I WANT TO SPEAK
Thanks for this guest post from a parent who is concerned about the priorities for those making high-level decisions about funding around healthcare, and the impact this may have on families who need support in the age of austerity. She also raises important questions about the language we use; for example how does it feel to be called a ‘challenging family’ in the context of support that might be offered? Her central point is stark – the only fixed point in a shifting landscape of support provision is to see the families who need it as ‘incompetent’ and requiring ‘intervention’.
I had a strange day recently. I left work at lunchtime to attend a NHS Transforming Care meeting where transfer of funds ( ‘dowries’ ) from the NHS, accompanying people with learning disabilities transferred from secure accommodation to homes within the local community arranged by and paid for by local area Clinical Commissioning Groups, was discussed.
There were a number of ‘Experts by Experience’ present. One tabled a list of acronyms that he asked not be used during the meeting. This list included ‘spec. com’ (short for ‘Specialised Commissioning’). He also asked that those speaking refer to ‘people’ not ‘patients’. His request was assented to by all before the meeting started.

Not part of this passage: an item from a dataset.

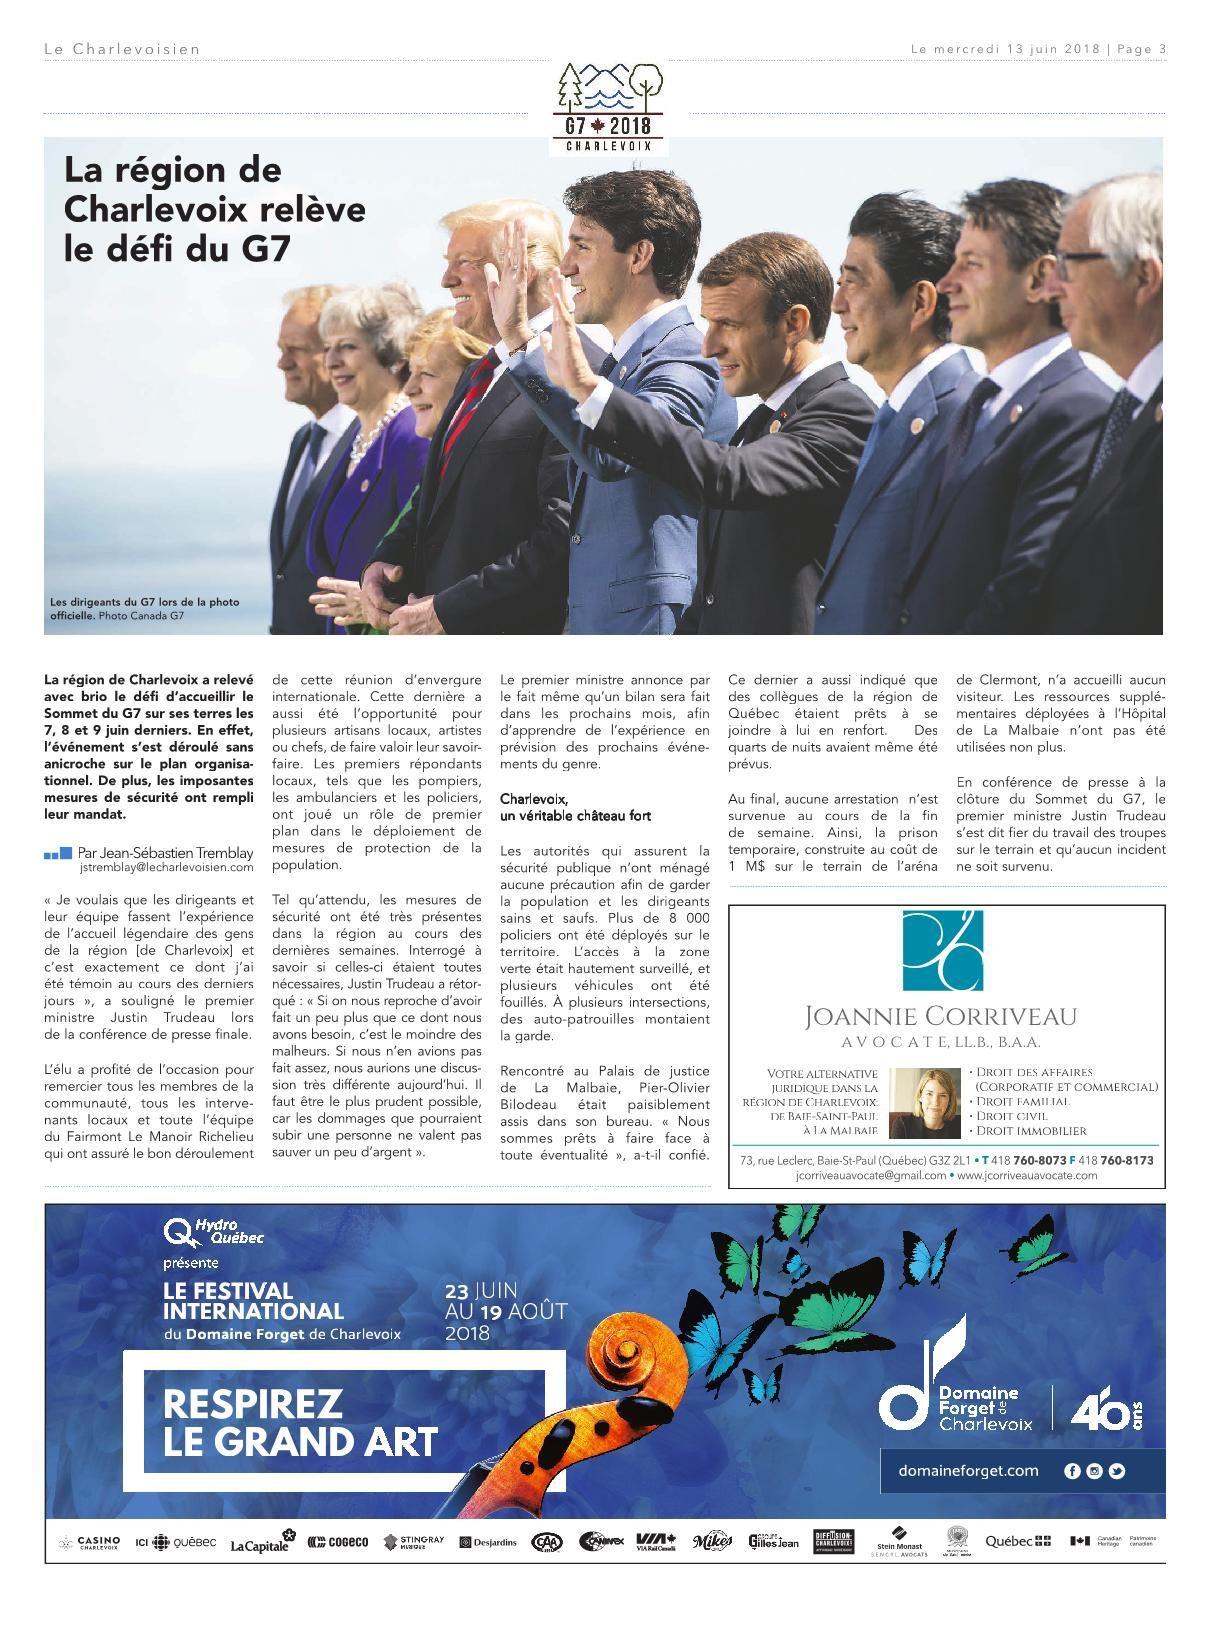 Leclerc Boulangerie Inspirant Le Charlevoisien 13 Juin 2018 Pages 1 40 Text Version Of 30 Unique Leclerc Boulangerie

During the meeting as people around the table made presentations, a person from NHS Specialised Commissioning repeatedly referred to ‘spec. com’ and ‘patients’ throughout his presentation. The Transforming Care programme will succeed or fail in large part depending on whether funding follows people. If I understood the presentation correctly, it appears that except in very limited circumstances it won’t. It is hard to know how to react to this in the context of a meeting when none of the decision-makers are present.
It seems as though the impact of the Winterbourne View scandal is fading and there are new priorities for those making high-level funding decisions around healthcare. I know that for many local Clinical Commissioning Group commissioners charged with delivering the Transforming Care programme, who will have to compete for funding at a local level to deliver a programme that will incur considerable additional costs for local areas if delivered, it is very difficult to accept. For people with learning disabilities in long stay institutions (over five years) and for people whose cause of death can be listed as ‘Leaning Disability’ on their death certificate when they die of constipation it will be felt in ways, you and I cannot even begin to imagine.
What hope to deliver a programme for systemic change as complex as the Transforming Care one is, if professionals cannot even keep to rules they agreed to about the use of language that respects the wishes of those they hope to help?
It really was a strange day because I then went on to another meeting where the great and the good and the well-intentioned were listening to care experienced young people sharing their thoughts about the system they spent many of their childhood years within, some with no clear idea why or where their siblings that had been adopted, were.
Social workers also spoke about being asked to ‘do much more with much less’ and how it was impossible to deliver a service where everything from what services are provided by what agency to the social work workforce itself is in flux. Teachers also reported that they were now doing social work in schools, well beyond their capability and training. It was summed up as ‘Challenging Families were being passed between services without getting the early intervention they needed’.
The language of ‘casual disrespect’
I have to say this was a depressingly familiar story to me, so again I chose to reflect on language. Would anyone have thought it OK to refer to my family in a one-to-one conversation with me as a ‘challenging family’ needing ‘Intervention’ and if most would not, then why is it OK to refer families like mine, in this casually disrespectful way? Is it OK because parents of children in need of services are not meant to be listening into this intense conversation or is it that our opinions just do not matter or that we are not expected to have anything of value to contribute unlike the great and the good and the well-intentioned? Or is it that people are afraid of what we might say? Are we that much of a challenge and to whom and what exactly? The only fixed point in this shifting landscape of service provision seems to be to regard families in need of services as, at best, incompetent and in need of an ‘intervention’.
If I’ve understood correctly then what chance do families ( those groups of people – not systems – that in normal circumstances, nurture children and prepare them well for adulthood because of bonds of love ) have of ever being heard when asking for help, not intervention, when we ask for it for ourselves or our children and indeed what chance have the great and the good and the well-intentioned of improving the life chances of young people like my son, without respectful engagement with us, their family members?